### What to work on
Please retype the listing below word for word and exclude its images.

### Information supplied
——

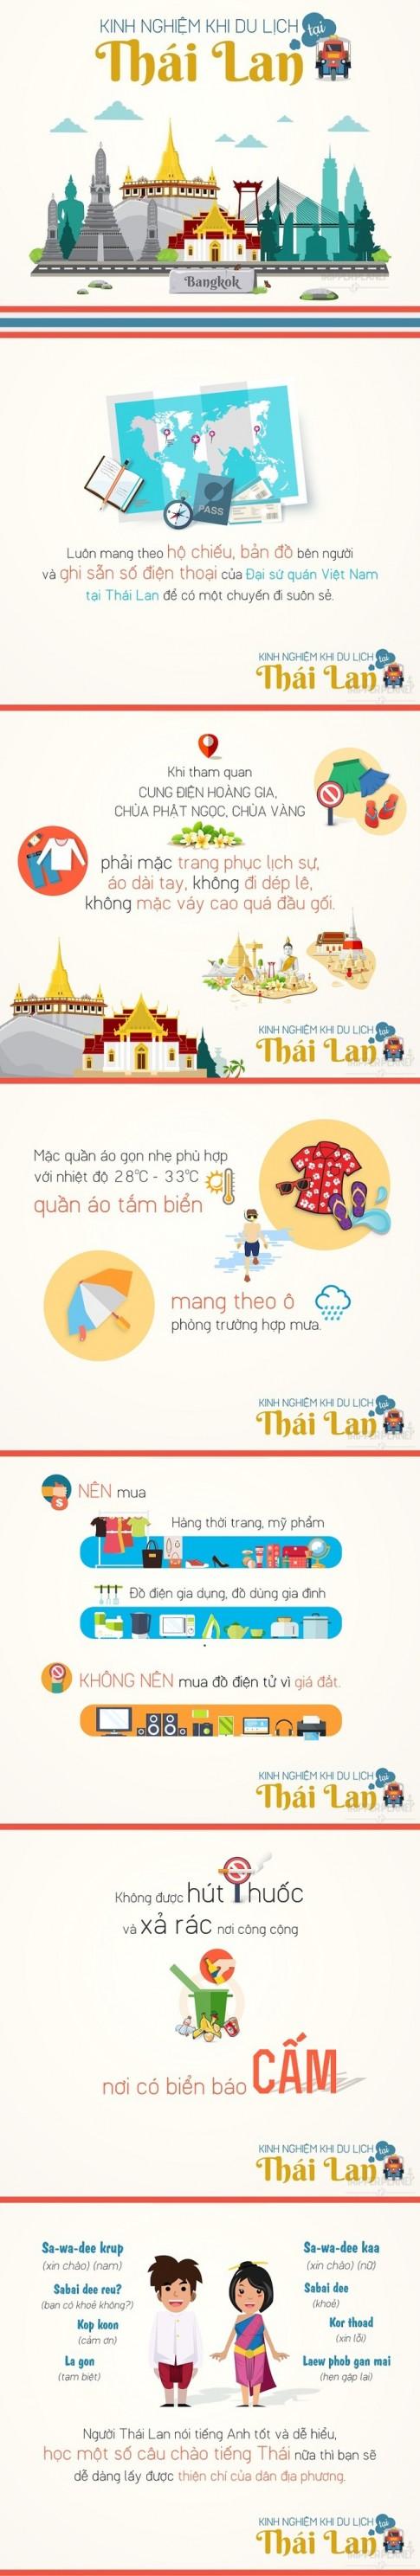 Kinh nghiem bo tui khi du lich Thai Lan
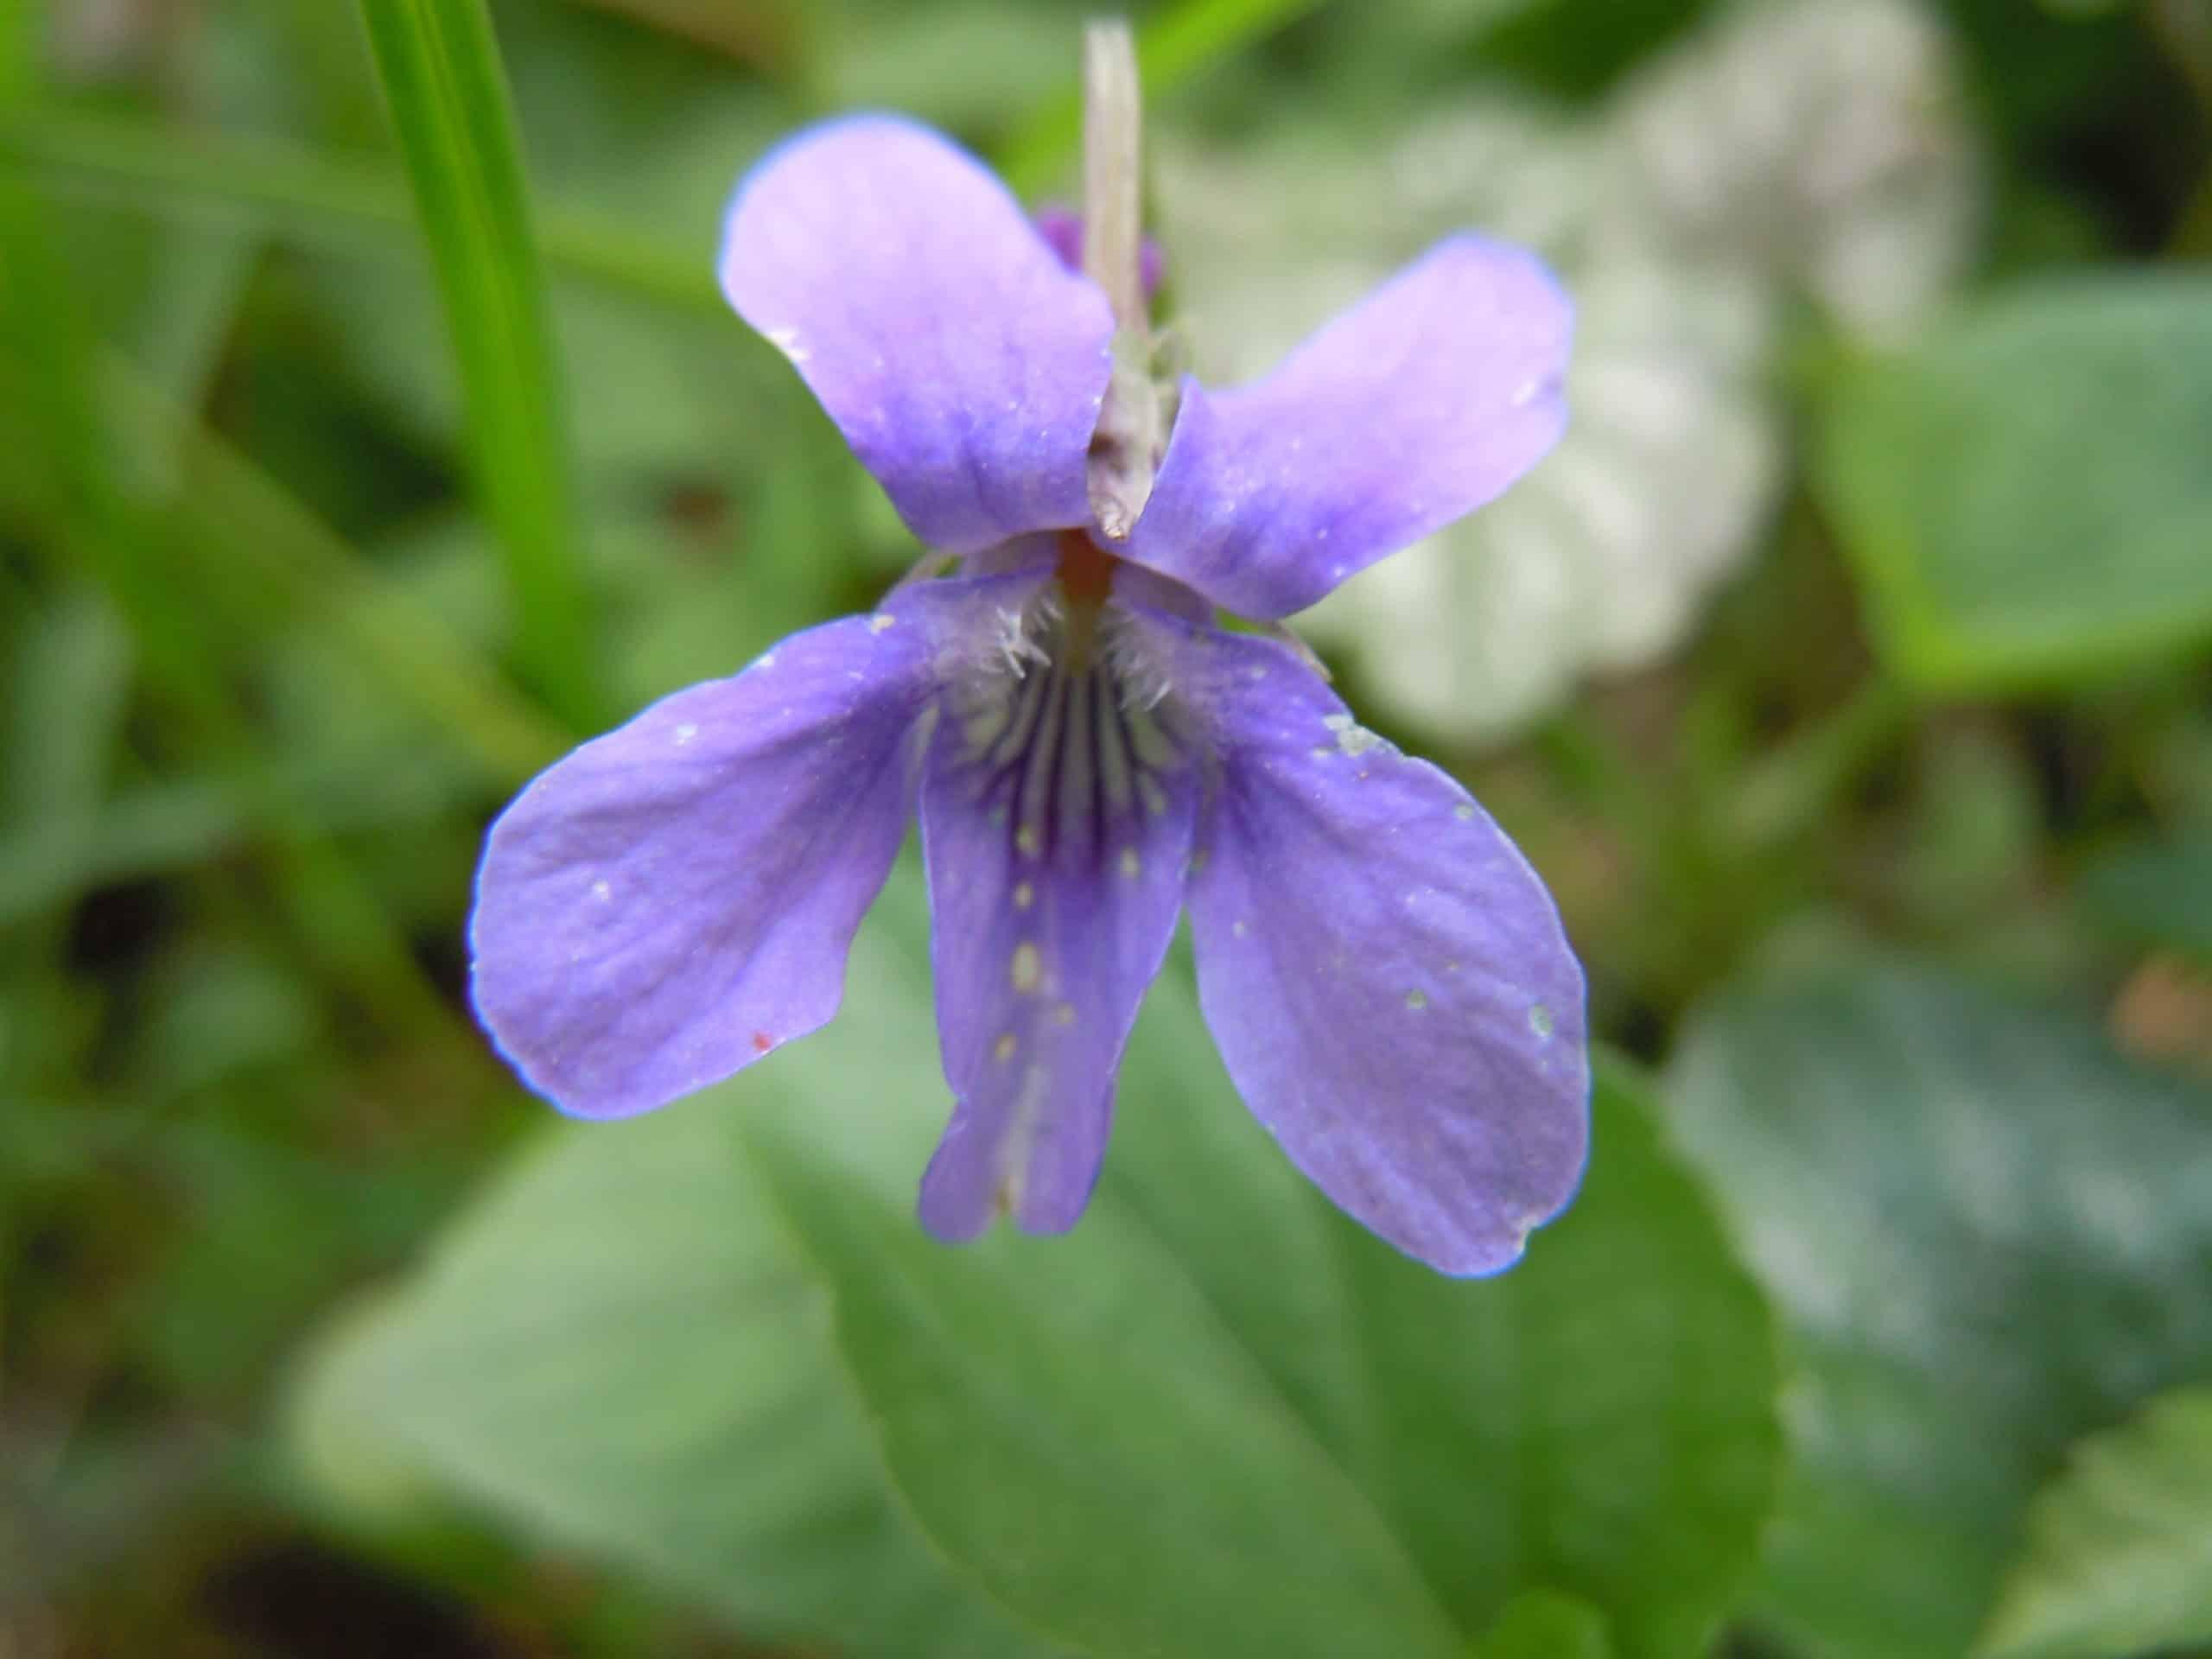 Violet. (Violaceae Family).
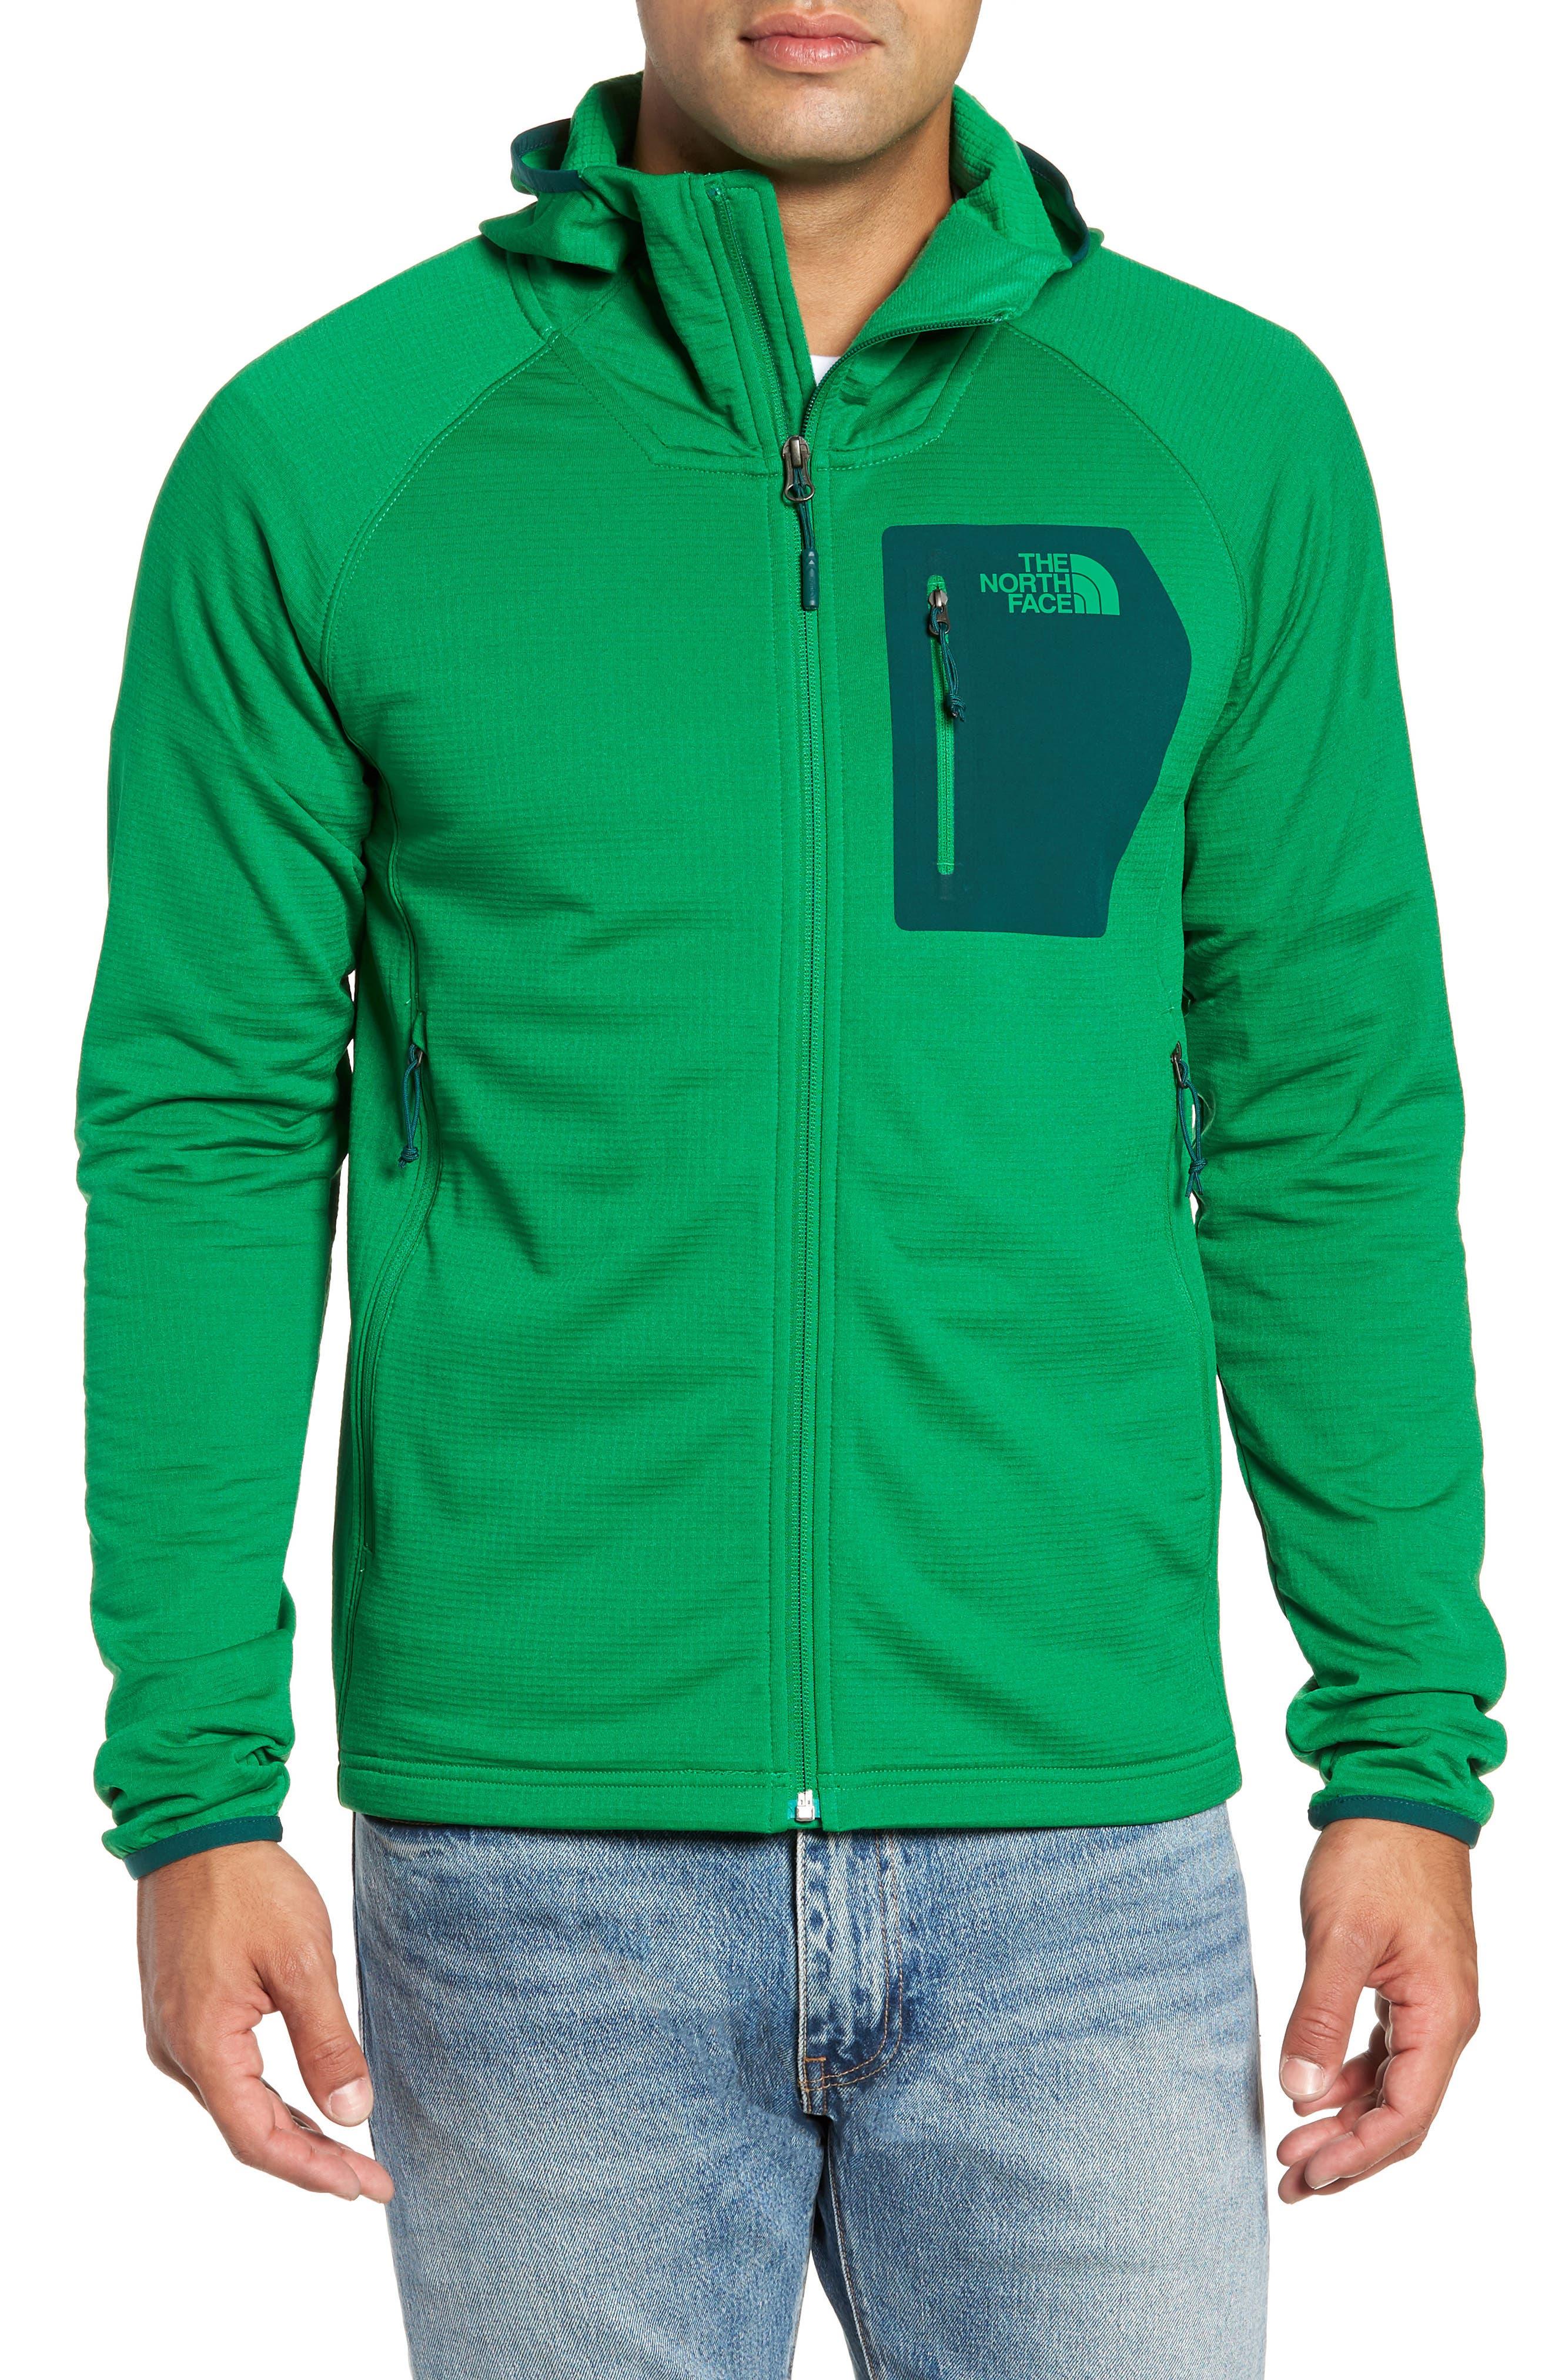 Borod Zip Fleece Jacket,                             Alternate thumbnail 4, color,                             PRIMARY GREEN/GARDEN GREEN

——

### Task output
 Kinh nghiem bo tui khi du lich Thai Lan
 Violet. (Violaceae Family).
 Borod Zip Fleece Jacket,                             Alternate thumbnail 4, color,                             PRIMARY GREEN/GARDEN GREEN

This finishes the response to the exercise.